Then, in our original difference:

$$ \begin{align*} |\Delta \eta - \zeta| &= \sum_{t=0}^\infty \gamma^t \cdot |\mathbb{E}_{\tau(s_0, \tilde{\pi})}[\bar{A}(s_t)] - \mathbb{E}_{\tau(s_0, \pi)}[\bar{A}(s_t)]| \\ \end{align*} $$

Note that each of the expectations can be broken down into two conditions - either there are no disagreements until time $t$, or there are some disagreements until time $t$. If there are no disagreements until time $t$, then the trajectories are the same, hence the expectations cancel out. If there are disagreements, then $n_t > 0$:

$$ \begin{align*} |\Delta \eta - \zeta| &= \sum_{t=0}^\infty \gamma^t \cdot P(n_t > 0) \cdot |\mathbb{E}_{\tau(s_0, \tilde{\pi})}[\bar{A}(s_t); n_t > 0] - \mathbb{E}_{\tau(s_0, \pi)}[\bar{A}(s_t); n_t > 0]| \\ &\leq \sum_{t=0}^\infty \gamma^t \cdot [1- (1-\alpha)^t] \cdot (2\cdot 2\alpha \epsilon) \\ &= \sum_{t=0}^\infty 4\alpha\epsilon\cdot [\gamma^t-\gamma^t(1-\alpha)^t]\\ &= 4\alpha\epsilon \bigg\{ \frac{1}{1-\gamma} - \frac{1}{1-\gamma(1-\alpha)} \bigg\} = \frac{4\alpha\epsilon\cdot \alpha\gamma}{(1-\gamma)(1-\gamma+\alpha\gamma)} \\ &\leq \frac{4\alpha^2\epsilon\gamma}{(1-\gamma)^2} = c_0 \cdot\alpha^2 \mbox{ (say)} \end{align*} $$
The main argument behind TRPO is obtained by noticing that $\alpha$, which is the percentage of time $\pi$ and $\tilde{\pi}$ disagree, can also be converted into a different disagreement metric, called the total variation divergence (which is $\propto \alpha$), and then into the popular metric KL divergence (which is $\propto \alpha^2$). The bound we just obtained tells us that: $$ |\Delta\eta - \zeta| \leq c_0 \cdot \alpha^2 \mbox{, or } \Delta \eta \geq \zeta - c_0 \cdot \alpha^2 = \zeta - c_1 \cdot D_{KL}(\pi, \tilde{\pi}) $$ Hence, if we can maximize $\zeta - c_1 \cdot D_{KL}(\pi, \tilde{\pi})$ at every step, then we are guaranteed the best $\Delta \eta$, and hence the best improvement. Hence, our optimization problem is $$ \mbox{maximize } \zeta \mbox{ ; such that $D_{KL}(\pi, \tilde{\pi})$ is the least} $$ In the practical algorithm, we maximize an empirical estimate of $\zeta$, such that $D_{KL}(\pi, \tilde{\pi})$ is within some constant $\delta$.

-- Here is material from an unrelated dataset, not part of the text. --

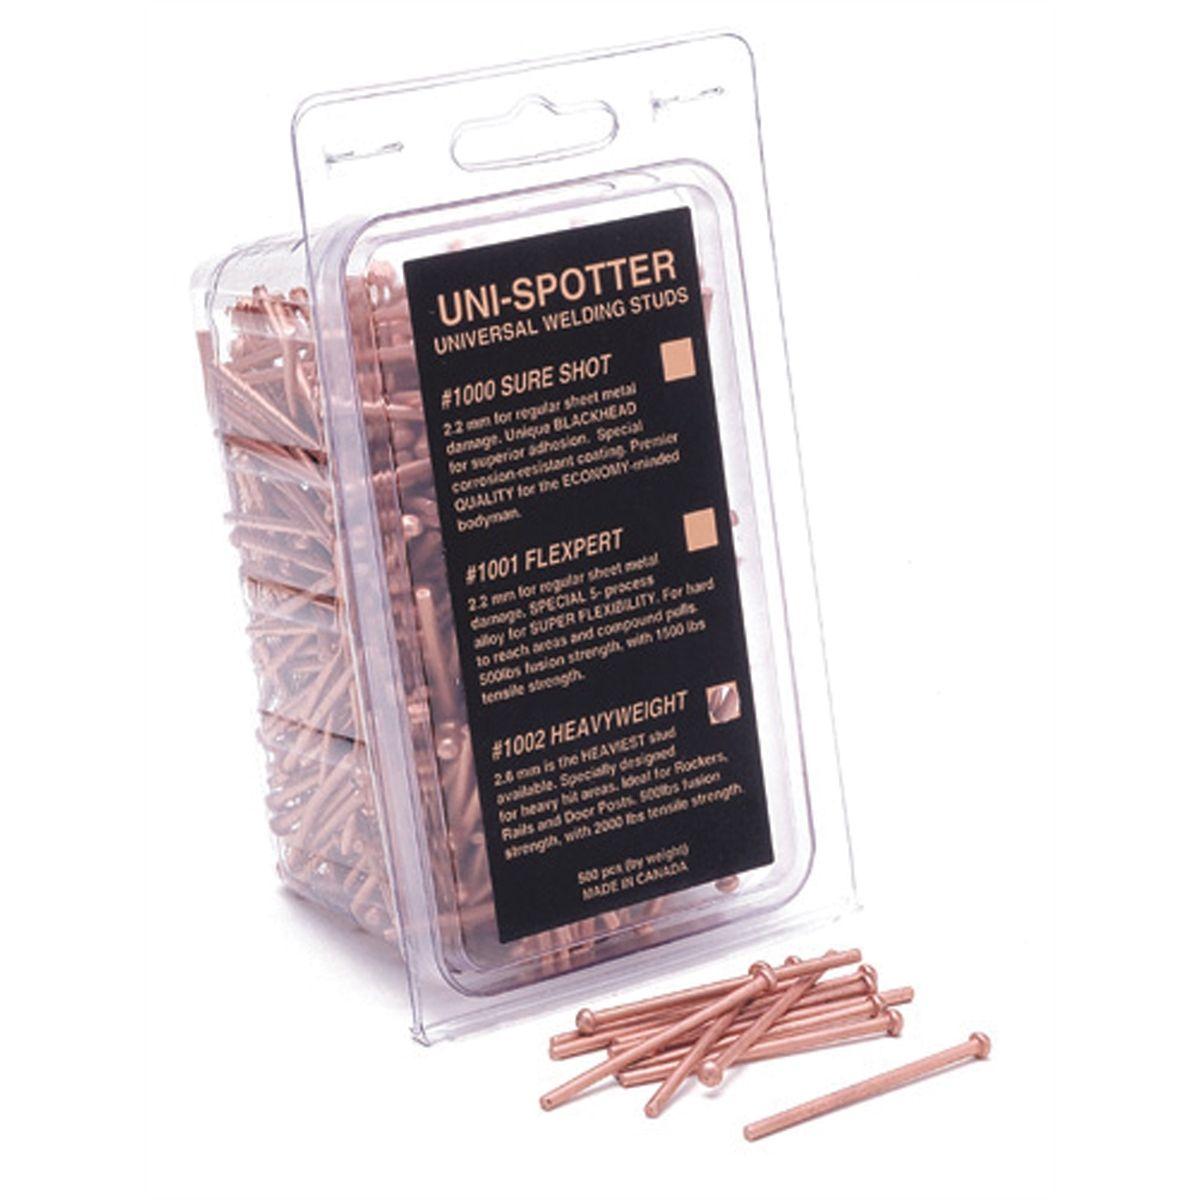 2.6mm Heavy Weight Studs 500 per pack UNI-1002 Brand New!

$\zeta$ is used in this form, with the importance sampling estimate:

\[ \begin{align*} \zeta &= \mathbb{E}_{\tau(s_0, \pi)} \bigg[ \sum_{t=0}^\infty \gamma^t \cdot \bar{A}(s_t) \bigg] \\ &= \sum_s \rho_\pi(s) \sum_a \pi(a|s)\cdot A_\pi(s, a) \\ &= \sum_s \sum_a \rho_\pi(s) \cdot \pi(a|s)\cdot A_\pi(s, a) \\ &= \sum_s \sum_a \rho_\pi(s) \cdot q(a|s) \cdot \bigg\{ \frac{\pi(a|s)}{q(a|s)} \bigg\} \cdot A_\pi(s, a) \\ &\equiv \sum_s \sum_a \rho_\pi(s) \cdot q(a|s) \cdot \bigg\{ \frac{\pi(a|s)}{q(a|s)} \bigg\} \cdot Q_\pi(s, a) \\ &= \mathbb{E}_ {s \sim \rho_\pi, a \sim q} \bigg[ \frac{\pi(a|s)}{q(a|s)} \cdot Q_\pi(s, a) \bigg] \end{align*} \]

The shift from $A_\pi(s, a)$ to $Q_\pi(s, a)$ shifts the objective by a constant, so it still works.

The paper lists out two ways in which we can do a Monte Carlo approximation for the optimization objective and constraints:
  1. Single Path
    Collect a sample of start states, then generate trajectories from these states until some time $T$, and finally use the old policy for $q(a|s)$.

  2. Vine
    Generate a trajectory $\tau$ using some start state and the old policy, and then choose a subset of states in $\tau$. For each of these states, sample $K$ actions using a $q(a|s)$. With this data, we can compute $\zeta$ and for each $s,a$ pair, we can do a rollout and compute an estimate to $Q_\pi(s,a)$.

References

  1. Schulman, John, et al. "Trust region policy optimization." International Conference on Machine Learning. 2015.
  2. Kakade, Sham, and John Langford. "Approximately optimal approximate reinforcement learning." ICML. Vol. 2. 2002.